Udit smiled. She had a pleasing figure, if a little thin for his taste. They decided to rest for the night within the safety of the town's palisade rather than risk an extra night on the road. The foursome sat him down in the local inn and plied him with cordial, as their thanks.
Later, after nightfall, the innkeeper in River's Bend gifted him with a soft corner in the hayloft over the stables for his rest. As he stripped off his reeve leathers and lay down on his cloak, his head reeled from the many cups of cordial he had downed with the evening's meal. Strange, now that he thought on it: Master Feden had offered him no hospitality, nothing to drink or eat. Nor had Lord Radas. It was cursed rare for a reeve to be refused hospitality.
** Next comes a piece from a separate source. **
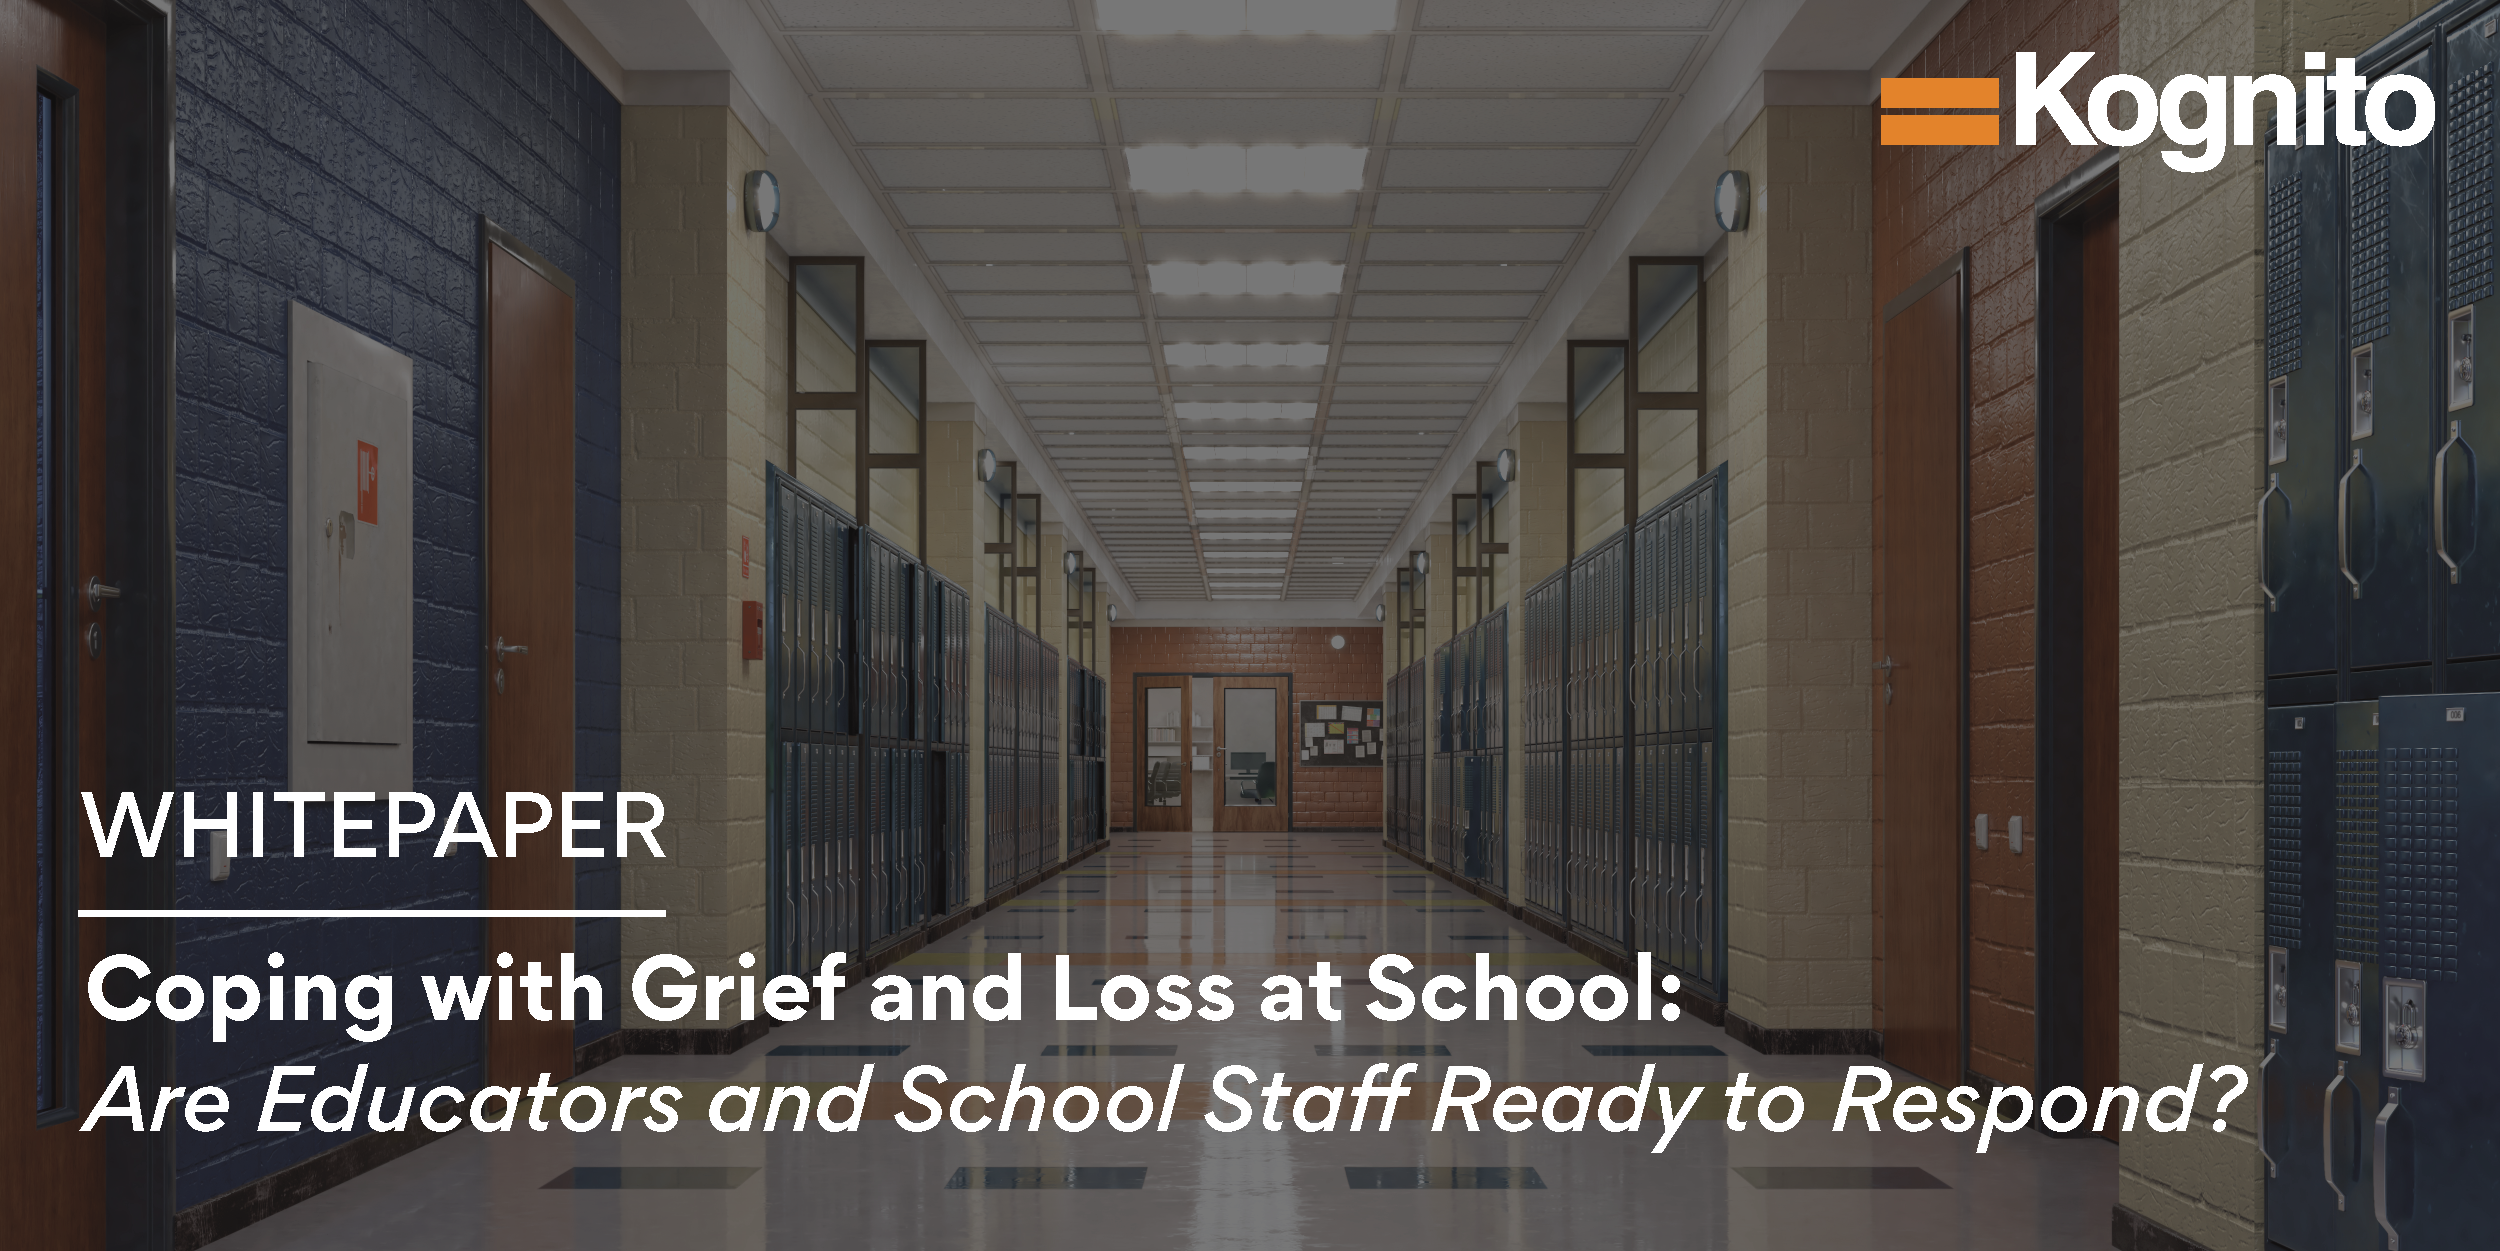 Coping with Grief and Loss at School: Are Educators and School Staff Ready to Respond?

The air under the stable roof was stale, and the scent of musty hay tickled his throat. It was entirely black, no light at all even where he could see through the gaps between the boards in the loft. No flame burned, no lamp illuminated the night. He had been in the last group of drinkers, a passel of middle-aged and elderly locals who had done nothing but jaw on about a recent marriage between a local girl and a lad come from Farsar because, he'd said, there was no work to be had in Farsar, no apprenticeships open except binding oneself to the temple past the usual youth's year of service. In the north, he'd heard, you could get work, but the locals considered this statement at length and found it lacking, except that it was true that a young man might hire himself out as a guardsman to a well-to-do clan. That was what the world was coming to. No one to do the real work; all those young men lounging around with spears in their hands, some of them with the debt mark tattooed by their left eye and no proof they'd served out their debt. Meanwhile, they pretended to be ordinands dedicated to Kotaru the Thunderer without taking on the true dedicate's responsibility.
Weren't old men and women always complaining about how much better the old days were? And hadn't they been, truly? Eyelids drooping, body growing heavy, he sank under, sliding into sleep.
The dream always unveils itself in a gray unwinding of mist he has come to dread. He is walking but cannot see any of the countryside around him, only shapes like skeletal trees with leafless limbs and branches-cold-killed, as they call them in the Arro highlands, where, beyond the kill line, the trees wither in the dry season and are reborn when the rains come. In the dream he is dead, yet unable to pass beyond the Spirit Gate. He is a ghost, hoping to awaken from the nightmare nineteen years ago, but the nightmare has already swallowed him.
The mist boils as though churned by a vast intelligence. It is here that the dream twists into the vision that is agony, the reason that even after all these years he cannot let go. The mist will part, and he will see her figure in the unattainable distance, walking along a slope of grass or climbing a rocky escarpment, a place he can and must never reach because he has a duty to those on earth whom he has sworn to serve.
It begins. Wind rips the mist into streamers that billow like cloth, like the white linen and silk banners strung up around Sorrowing Towers where the dead are laid to rest under the open sky. He begins to sweat, waiting for the apparition.
Waiting to see her. Gods spare him this! But the gods never listen.
A shadow moves along the hill. As though harnessed to his eagle, he swoops closer. There she is!
A hand brushes his thigh, turns into a familiar caress.